July 20, 2006
British Court Must Watch Jerry Springer Show
Flextech Television provides 10 channels of programming for a British cable operator. In 1998, Flextech entered into a contract with Universal Studios which committed Flextech to air the Jerry Springer show while it was running in the U.S. In 2001, Flextech claims the "vast majority" of episodes contained content which was unsuitable for daytime viewing and which would violate British broadcasting rules. Flextech claims it was entitled to cancel the contract on this basis. Universal, on the other hand, insists that the Springer show had not changed much.
The Washington Post reports that a British appellate court has remanded this contract case to a trial judge to decide "whether content had changed enough to amount to a breach of contract." How will the court determine whether the content of the show had become "too strong for local tastes"? By watching some of the 400 hours of videotape of the Springer show. . .
[Meredith R. Miller]
July 17, 2006
SOF Bites Plaintiff
An alleged oral deal to buy a corporation whose only asset was a piece of real property was subject to the statute of frauds, said the New York Appellate Division in a recent decision. In the case, the defendant had proffered a written stock purchase agreement to the plaintiff. A clause in the agreement provided: "This Contract shall not be binding upon the Seller until such time as Seller has executed the Contract and delivered a fully executed copy of the Contract to Buyer or Buyer's attorney." Seller subsequently decided to take a better deal and Buyer sued, claiming an oral contract. It argued that its attempts to re-zone the property were a part performance of the deal. Plaintiff lost at the trial court, got hit with sanctions there, then appealed.

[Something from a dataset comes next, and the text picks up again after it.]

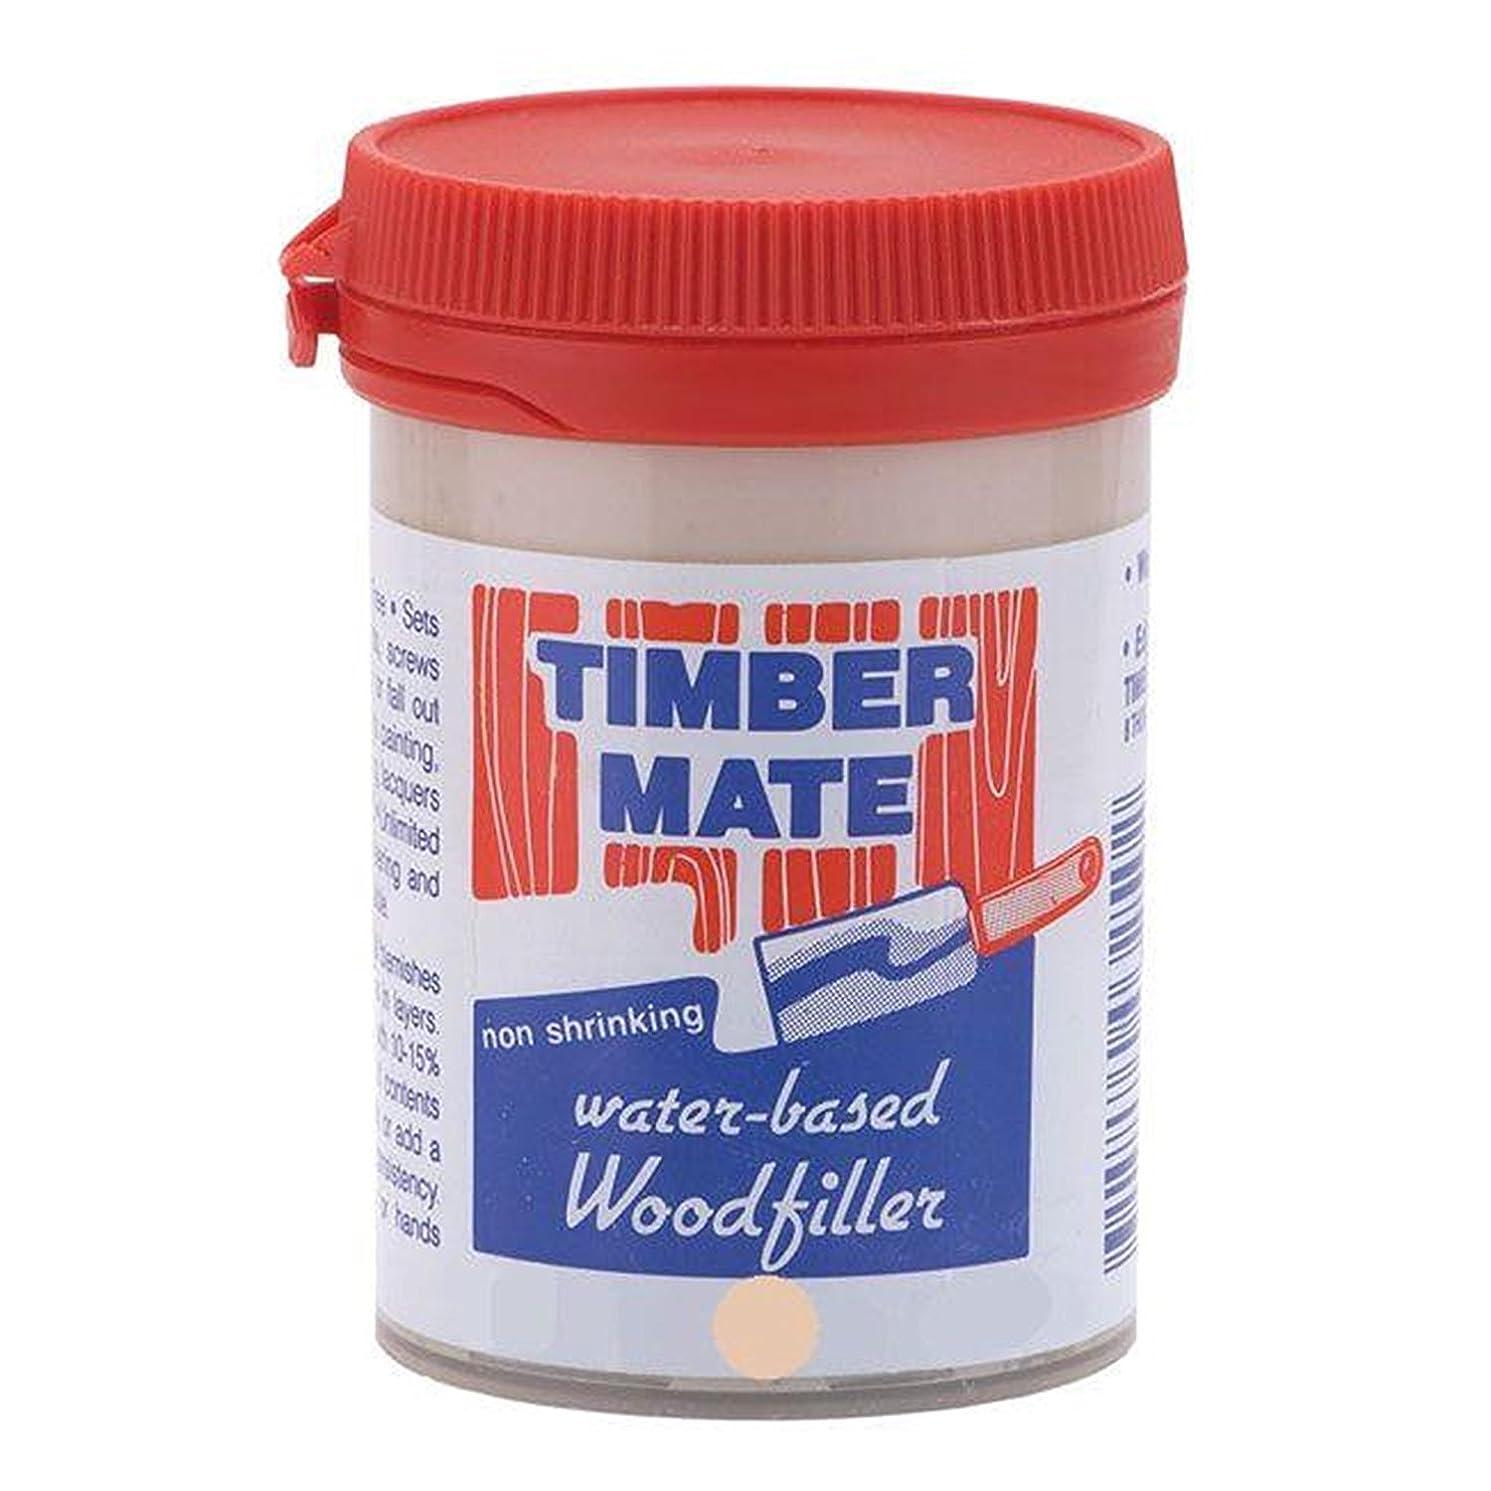 Timbermate White Oak Hardwood Wood Filler 8oz Jar

Bad move. The Appellate Division flatly rejected the legal claim in a per curiam opinion:
In view of defendants' clear showing of an intent not to be bound without a formal contract and the absence of credible evidence tending to show a meeting of the minds on all material terms, the action and filing of the notice of pendency were completely without merit in law.
Even if Plaintiff had got the property rezoned, it would not amount to a part performance that would make the statute of frauds inapplicable. "Rather, plaintiff's unilateral conduct, standing alone, could easily be seen as the premature acts of an overly optimistic potential buyer . . . ."
The court found both the original claim and the appeal of the sanctions so frivolous that on its own motion it socked the plaintiff with more sanctions, sending it back to the trial court to take evidence on Defendant's legal fees.
Yenom Corp. v. 155 Wooster Street Inc., 2006 N.Y. Slip Op. 05732 (1st Dept. July 13, 2006).